Receptor activator of nuclear factor-kB ligand (RANKL) is a cytokine that is essential for osteoclast survival and differentiation. Thus, through blocking the RANKL could inhibit the differentiation of osteoclast and increase the bone mass. Denosumab, a fully human monoclonal antibody against the RANKL, could potently reduce bone resorption with accompanying increases in bone mineral density (BMD). Denosumab 60 mg was always subcutaneously given per 6 months and thus the compliances may be well. Previously, a meta-analysis that compared denosumab with bisphosphonates for OP patients has been published [7]. However, several disadvantages existed in the meta-analysis. (1) Only four randomized controlled trials (RCTs) were included and the sample was relatively small. (2) They only compared with alendronate, but neglect other bisphosphonates. With new evidence emerging, we performed a meta-analysis that compares denosumab with bisphosphonates for bone loss in postmenopausal osteoporosis patients. We hypothesized that denosumab was superior than bisphosphonates in reducing bone loss in postmenopausal osteoporosis patients and thus reduce the risk of fracture.

Methods

The present meta-analysis was performed according to the Preferred Reporting Items for Systematic Reviews and Meta-Analyses statement (PRISRMA) [8].

Search strategy

Published literatures, only including RCTs, were searched in the following electronic databases: PubMed, Embase, Web of Science, Cochrane Library, and Google database from inception to April 20 2018. The keywords and corresponding Mesh terms of osteoporosis and denosumab were referred to published meta-analysis [9]. The keywords and corresponding Mesh term of bisphosphonates was referred to Lou’s protocol [10]. Detailed search keywords and Mesh terms can be seen in Additional file 1. Besides, references of all included articles were also reviewed. There was no language limited and no publication restriction.

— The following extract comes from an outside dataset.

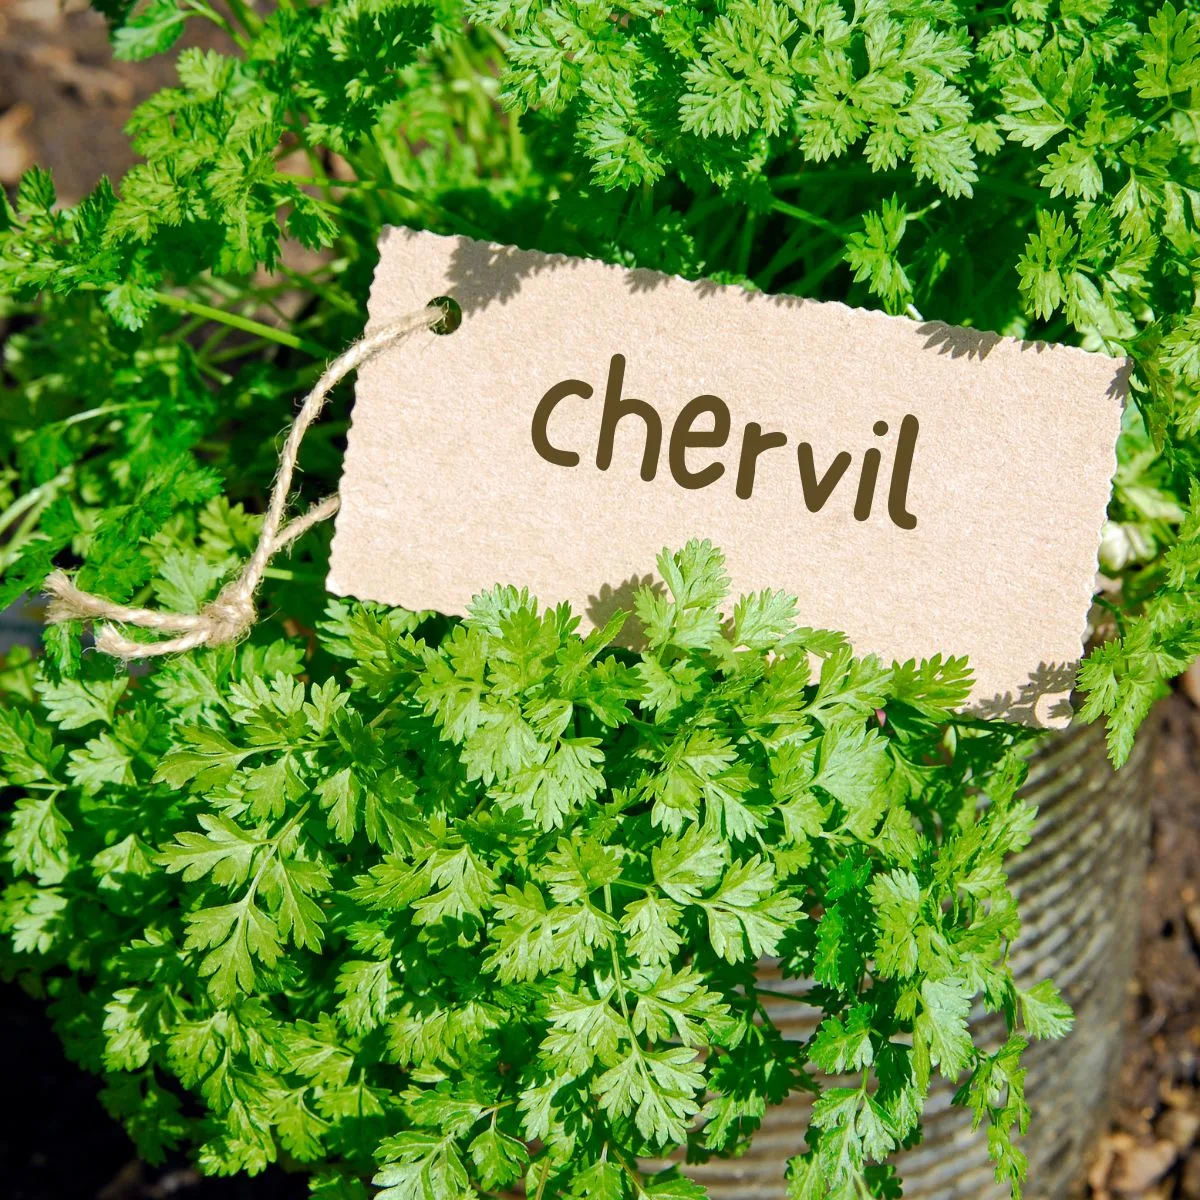 Chervil growing in a pot.

Inclusion criteria and exclusion criteria

Inclusion criteria

Candidate articles would be included if they met the following criteria: (i) population: patients were diagnosed with osteoporosis and did not take other oral anti-osteoporosis drugs; (ii) intervention: subcutaneously administered denosumab 60 mg per 6 months; (iii) comparison: administration with bisphosphonates, regardless of the dose and intervals; (iv) with one or more of the outcomes described below: risk of fracture, total adverse events (AEs), withdrawn due to AEs, change in one-third radius BMD, change in total hip BMD, change in lumbar spine BMD, and change in femoral neck BMD; and (v) study design: RCTs.

Exclusion criteria

Candidate articles would be excluded if they met the following criteria: (i) patients were diagnosed with other type of osteoporosis (androgen-deprivation therapy or breast cancer); (ii) intervention: combined denosumab with other drugs; and (iii) non-RCTs.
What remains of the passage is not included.